Usually, recommendation system take into consideration your previous choices. For instance, let's see userId 329:

In [406]:
ratings.query('userId == 329').head(5)

Unnamed: 0,userId,movieId,rating,timestamp
50925,329,50,2.0,1523468332
50926,329,318,2.0,1523468325
50927,329,593,2.0,1523468340
50928,329,750,3.0,1523468346
50929,329,778,4.5,1523468384


We know, for instance, that this person watched movies 50, 318, 593, 750, and 778, which are:

In [407]:
movies.query('movieId in [50, 318, 593, 750, 778]')
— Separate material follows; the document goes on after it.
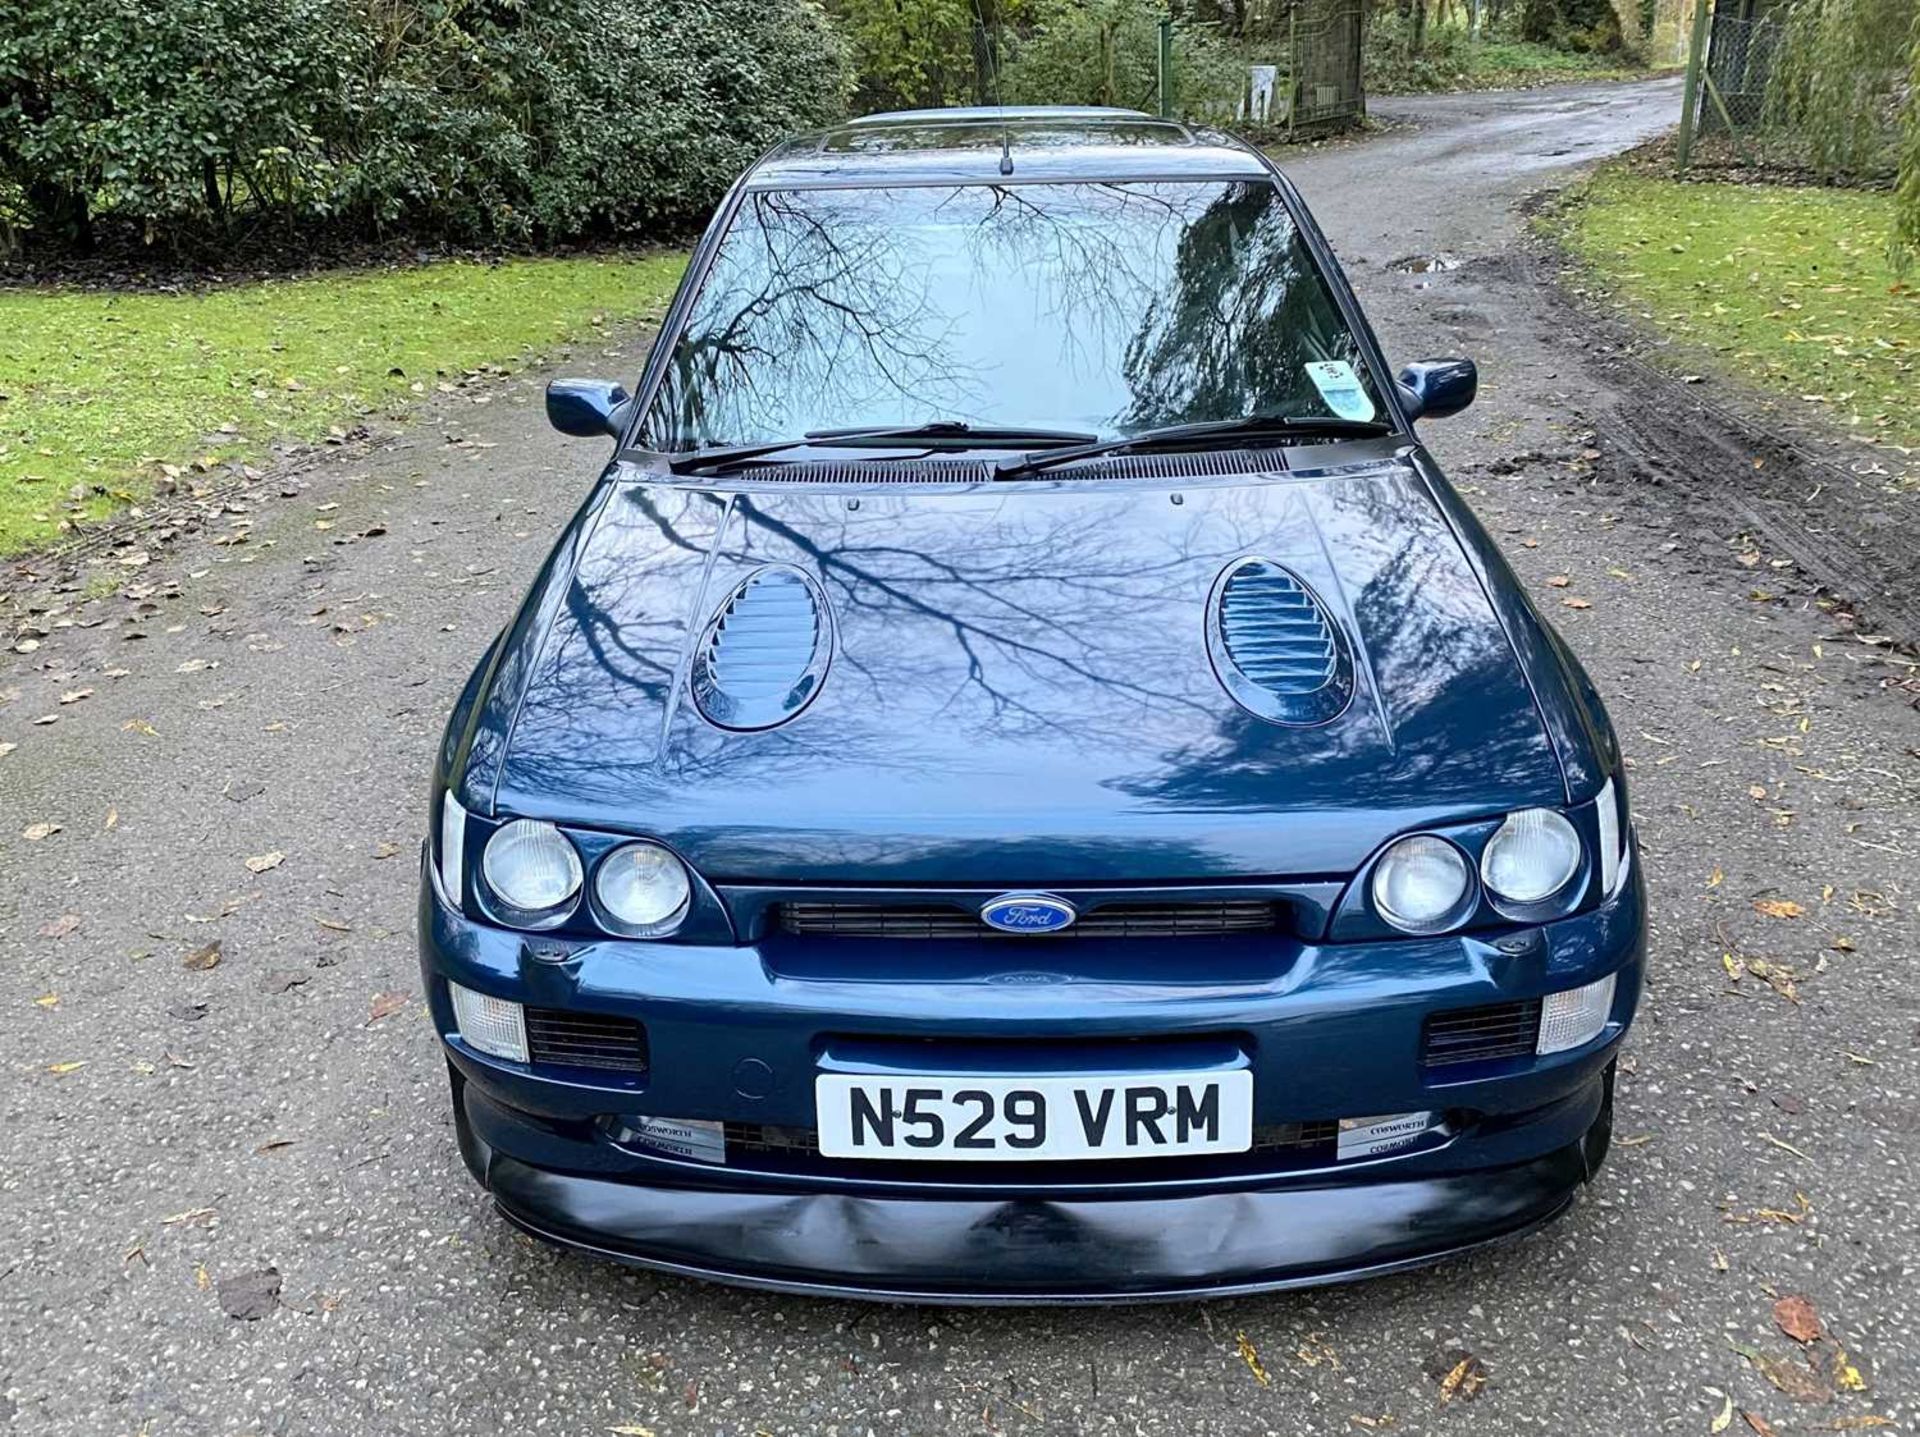 1995 Ford Escort RS Cosworth LUX Only 56,000 miles, finished in rare Petrol Blue - Image 14 of 98

Unnamed: 0,movieId,title,genres
46,50,"Usual Suspects, The (1995)",Crime|Mystery|Thriller
277,318,"Shawshank Redemption, The (1994)",Crime|Drama
510,593,"Silence of the Lambs, The (1991)",Crime|Horror|Thriller
602,750,Dr. Strangelove or: How I Learned to Stop Worr...,Comedy|War
613,778,Trainspotting (1996),Comedy|Crime|Drama


Nice! Notice that we have the genres of these movies. What if we tried to recommend movies with the same genres? Let's try to get the movies from the Crime|Drama genre:

In [408]:
recommendation_1 = popularity.query("genres == 'Crime|Drama' and Count > 50").sort_values(by = 'Avg_Rating', ascending = False).set_index('movieId')
recommendation_1

Unnamed: 0_level_0,title,genres,Count,Avg_Rating
movieId,Unnamed: 1_level_1,Unnamed: 2_level_1,Unnamed: 3_level_1,Unnamed: 4_level_1
318,"Shawshank Redemption, The (1994)",Crime|Drama,317,4.429022
858,"Godfather, The (1972)",Crime|Drama,192,4.289062
1221,"Godfather: Part II, The (1974)",Crime|Drama,129,4.25969
1213,Goodfellas (1990),Crime|Drama,126,4.25
2329,American History X (1998),Crime|Drama,129,4.217054
3147,"Green Mile, The (1999)",Crime|Drama,111,4.148649
16,Casino (1995),Crime|Drama,82,3.926829
5989,Catch Me If You Can (2002),Crime|Drama,115,3.921739
55820,No Country for Old Men (2007),Crime|Drama,64,3.898438
36,Dead Man Walking (1995),Crime|Drama,67,3.835821


Nice! Also, let's remove the movies this person has already saw:

In [409]:
recommendation_1.drop(ratings.query('userId == 329').movieId, errors = 'ignore', inplace = True)
recommendation_1.head( )

Unnamed: 0_level_0,title,genres,Count,Avg_Rating
movieId,Unnamed: 1_level_1,Unnamed: 2_level_1,Unnamed: 3_level_1,Unnamed: 4_level_1
1221,"Godfather: Part II, The (1974)",Crime|Drama,129,4.25969
1213,Goodfellas (1990),Crime|Drama,126,4.25
2329,American History X (1998),Crime|Drama,129,4.217054
3147,"Green Mile, The (1999)",Crime|Drama,111,4.148649
16,Casino (1995),Crime|Drama,82,3.926829


Nice! Based on this, we can recommend the Godfather: Part II to our user. Note that, here, we considered some information about our user to make this recommendation. Thus, knowing a popular genre my user likes, we can recommend other movies from that genre.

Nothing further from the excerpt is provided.